Why is a matrix invertible when its row-echelon form has no zero row? If the row echelon form of a square matrix has no zero row, it is invertible. Otherwise, it is singular.
Why?
If the row echelon form has a zero row, in a linear system, it has either no solution or infinitely many solutions. So, is invertibility linked to having only one solution?
Is there a geometrical interpretation for my question?
 A: Excellent. Your request for a geometric interpretation shows me that you are on the right track in learning linear algebra! (Well, at least visualizing the standard 1-3 dimensions)
Consider the Reduced Row Echelon Form (RREF) of a matrix A, it concisely describes some of the subspace information associated with A.
The RREF tell us:


*

*rank : number of basis vectors in the column space/range

*nullity : number of basis vectors in the null space/kernel

*Invertibility/Linear independence : Whether the null space is trivial or not
The null space being trivial (i.e, consisting of only an appropriate null vector) implies that the column space of A occupies the entirety of it's dimension(equal to the column count of A) and that there is no linear combination of any vectors in it's range that reduce to 0 vector.
The process of matrix inversion is supposed to find a subspace which when multiplied with A gets projected to the appropriate identity matrix.
If there is any linear combination of columns of A that reduces to 0, then it cannot be reversed to map onto it's original linear combination, which means that the vector is nullified. (Mapped to the 0 vector). This is exactly what the rank of a matrix succinctly describes with mathematical beauty.

So, such linear vector combinations of non-invertible matrices are consumed by it's null space/kernel!

The exact same can be witnessed and verified on the column space and null space of the non-invertible matrix A' (which are incidentally, NOT coincidentally, the row space and left-null space of A)
A: Just think about the Gauss-Jordan method of finding the inverse.

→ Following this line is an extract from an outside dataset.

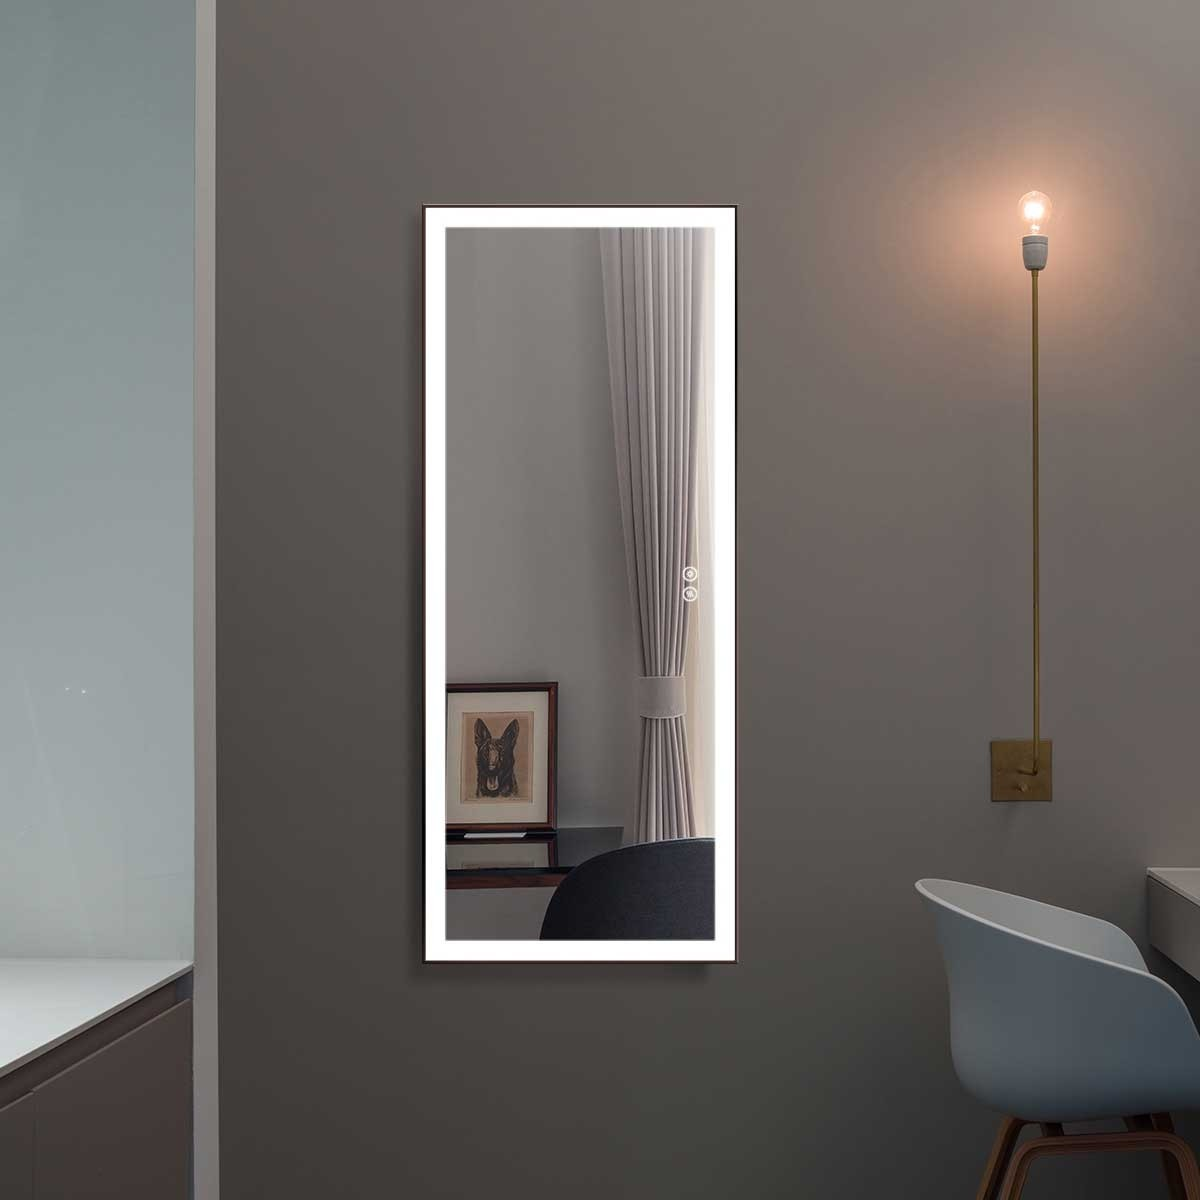 DECORAPORT 48 x 20 Po Miroir Chambre LED Pleine Longueur avec Bouton Tactile, Cadre noir, Luminosité Réglable, Lumière Froid & Chaud (DJ2-4820-B)
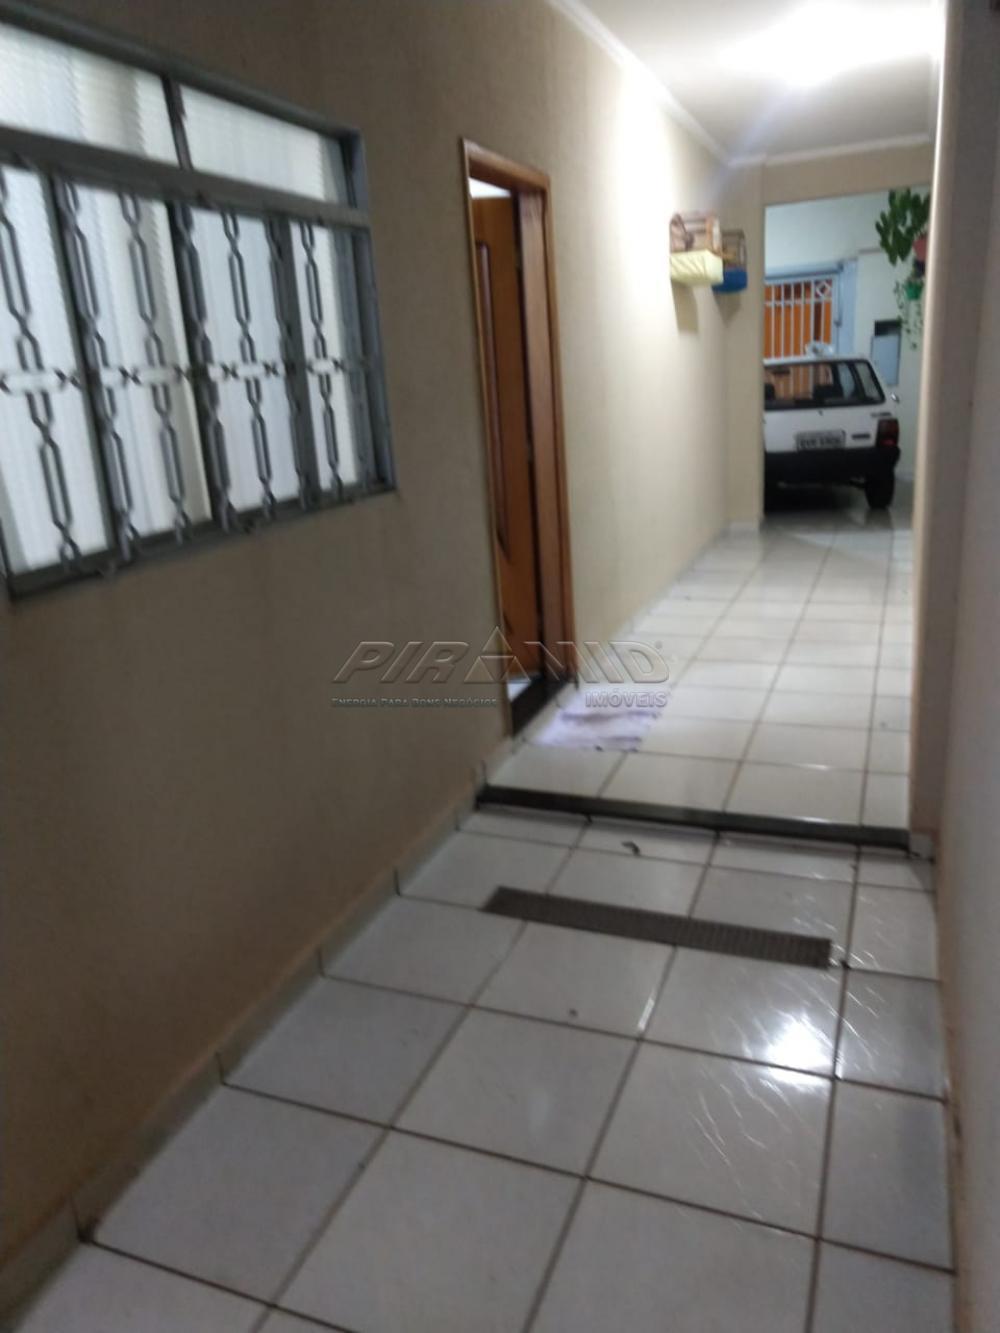 Comprar Casa / Padrão em Ribeirão Preto R$ 320.000,00 - Foto 2

To find the inverse of a matrix $A$, that is , $A^{-1}$, we write the augmented matrix $[A; I]$ where $I$ is the unit matrix of the same order as $A$.
Just think what will happen when $\det A =0$. The elementary row operations performed produce one or more rows of zero at the bottom so that $A $ cannot be reduced to $I_n $. In fact, in this case, $A $ reduces to its normal form $\begin {bmatrix} I_r & 0\\ 0 & 0\end {bmatrix} $ since rank$_A  < n $.
Hope it helps.